We present a wearable interface that allows a user to silently converse with a computing device without any voice or any discernible movements - thereby enabling the user to communicate with devices, AI assistants, applications or other people in a silent, concealed and seamless manner. A user's intention to speak and internal speech is characterized by neuromuscular signals in internal speech articulators that are captured by the AlterEgo system to reconstruct this speech.
We use this to facilitate a natural language user interface, where users can silently communicate in natural language and receive aural output (e.g - bone conduction headphones), thereby enabling a discreet, bi-directional interface with a computing device, and providing a seamless form of intelligence augmentation. The paper describes the architecture, design, implementation and operation of the entire system. We demonstrate robustness of the system through user studies and report 92% median word accuracy levels.


The vision of closely coupling humans and machines has been advanced and re-imagined in successive iterations. Input devices have come a long way since punch cards and present day input modalities have enabled computing devices to become an intrinsic parts of our lives. Keyboards (or typewriter style input devices) replaced punch cards to facilitate text input on early computers. The modern age of mobile and ubiquitous computing ushered in the widespread adoption of voice inputs for communication and search applications.
Natural user interfaces (NUI) including gesture-based inputs, touch and voice have been touted as natural extensions of the human persona [5,13,21–23,27]. Despite significant advances made, machines, input modalities and interactivity still exist as external artifacts to the human user, in an obstacle to fully realize symbiosis of humans and machines. We present AlterEgo a wearable silent speech interface that allows a user to provide arbitrary text input to a computing device or other people using natural language, without discernible muscle movements and without any voice. This allows the user to communicate to their computing devices in natural language without any observable action at all and without explicitly saying anything.
Three primary contributions:
1. We introduce a novel wearable architecture for a bidirectional silent speech device.
2. We outline the neuromuscular input needed for detecting silent speech.
3. We demonstrate the feasibility of such silent speech recognition based on neural information, and demonstrate the utility of the device as a personal computing platform and interface.
AlterEgo, allows people to privately and seamlessly communicate with their personal computing devices, services and other people, such that users leverage the power of computing in their daily lives, as a natural adjunct to their own cognitive abilities, without “replacing” or “obstructing” these abilities.


Voice Interfaces

Conversational interfaces currently exist in multiple forms. The recent advances in speech recognition methods have enabled users to have interaction with a computing device in natural language [1,12]. This has facilitated the advent of ubiquitous natural voice interfaces, currently deployed in mobile computational devices as virtual assistants (e.g- Siri [28], Alexa [29], Cortana [30] etc.).
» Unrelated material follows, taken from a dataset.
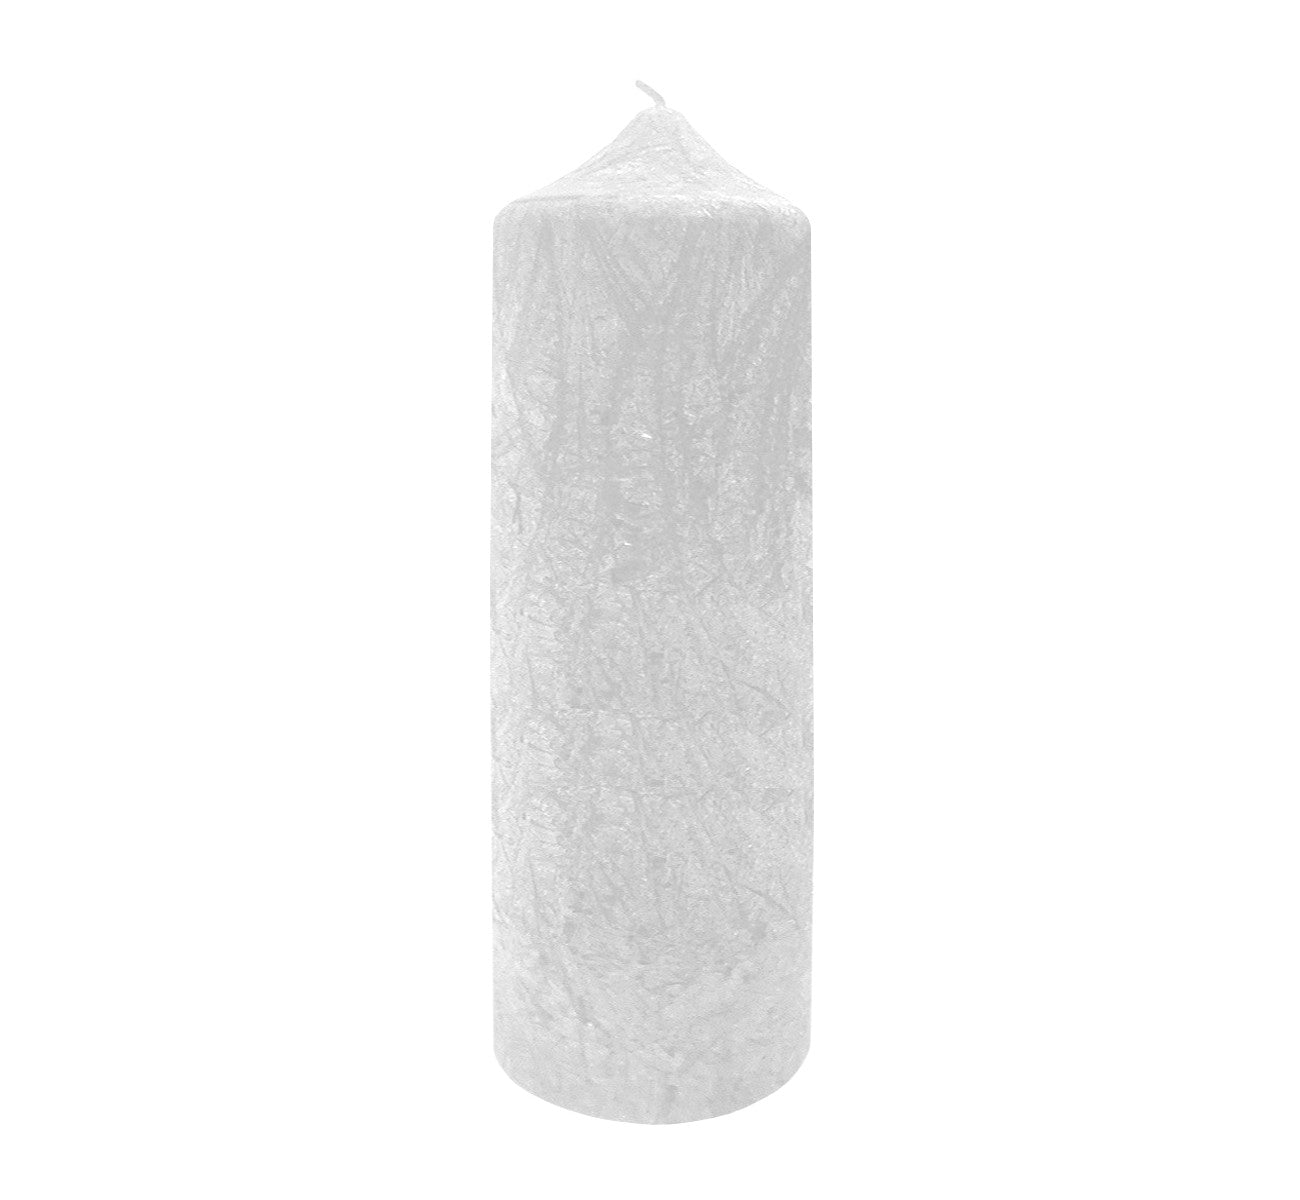 White tall pillar candle, long burn time 80 hour, vegan stearin, height 21 cm 8.27”, diameter 7 cm 2.76”, handmade Scandinavia.

These interfaces have also been embedded in other devices such as smart wearables, dedicated hardware speakers (e.g - Google Home [31], Amazon Echo[32]), and social robots. Another broad category under voice interfaces are modern telecommunications devices for person-person communication (e.g - smartphones, Skype etc). Although, all the aforementioned platforms offer robust voice based interaction, they share common limitations. There are fundamental impediments to current speech interfaces that limit the possibility of their adoption as a primary human machine interface. We list a few here amongst others:
Privacy of conversation: Speech is broadcasted to the environment by the user when communicating via these interfaces and therefore user privacy is not maintained (e.g - a phone call with another person; communicating with Siri etc.).
Eavesdropping: Voice interfaces are always listening in on conversations, when not desired, only to be visibly activated later on by a specific trigger-word (e.g - 'Ok Google' activates Google Assistant but the application is on nevertheless).
Impersonal devices: These devices are not personal devices and any other user can intentionally or unintentionally send valid voice inputs to these devices.
Attention requiring: Current voice interaction devices have low usability as a device, a user cannot use a speech interface hands free on-the-go, which is the case oftentimes with immobile dedicated speech devices (e.g - Amazon Echo). Moreover, user proximity to the device is required for optimal speech recognition (telecommunications devices).

Silent Speech Interfaces

There have been several previous attempts at achieving silent speech communication. These systems can be categorized under two primary approaches: invasive and non-invasive systems.
Invasive Systems
Brumberg et al. 2010 [6] used direct brain implants in the speech motor cortex to achieve silent speech recognition, demonstrating reasonable accuracies on limited vocabulary datasets. There have been explorations surrounding measurement of movement of internal speech articulators by placing sensors inside these articulators. Hueber et al. 2008 [17] used sensors placed on the tongue to measure tongue movements. Hofe et al. 2013 [16] and Fagan et al. 2008 [9] used permanent magnet (PMA) sensors to capture movement of specific points on muscles used in speech articulation. The approach requires permanent fixing of magnetic beads invasively which does not scale well in a real-world setting. Florescu et al. 2010 [10] propose characterization of the vocal tract using ultrasound to achieve silent speech. The system only achieves good results when combined with a video camera looking directly at the user’s mouth. The invasiveness and obtrusiveness or the immobility of the apparatus impedes the scalability of these solutions in real-world settings, beyond clinical scenarios.
Non-Invasive Systems
There have been multiple approaches proposed to detect and recognize silent speech in a non-invasive manner. Poradnik et al. 2009 [24] used EEG sensors for silent speech recognition, but suffered from low signal-to-noise ratio to robustly detect speech formation and thereby encountered poor performance. Wand et al. 2016 [26] used deep learning on video without acoustic vocalization but requires externally placed cameras to decode language from movement of the lips. Hirahara et al. [15] use Non-Audible Murmur microphone to digitally transform signals. There have been instances of decoding speech from facial muscles movements using surface electromyography.
Figure 2. Selection of the final electrode target areas (right) through feature selection on muscular areas of interest (left, center).
Wand and Schultz 2011[25] have demonstrated surface EMG silent speech using a phoneme based acoustic model, but the user has to explicitly mouth the words and have to use pronounced facial movements. Jorgensen et al.[18] use surface EMG to detect subvocal words with accuracy fluctuating down to 33% with the system also unable to recognize alveolar consonants with high accuracy, which is a significant obstruction to actual usage as a speech interface.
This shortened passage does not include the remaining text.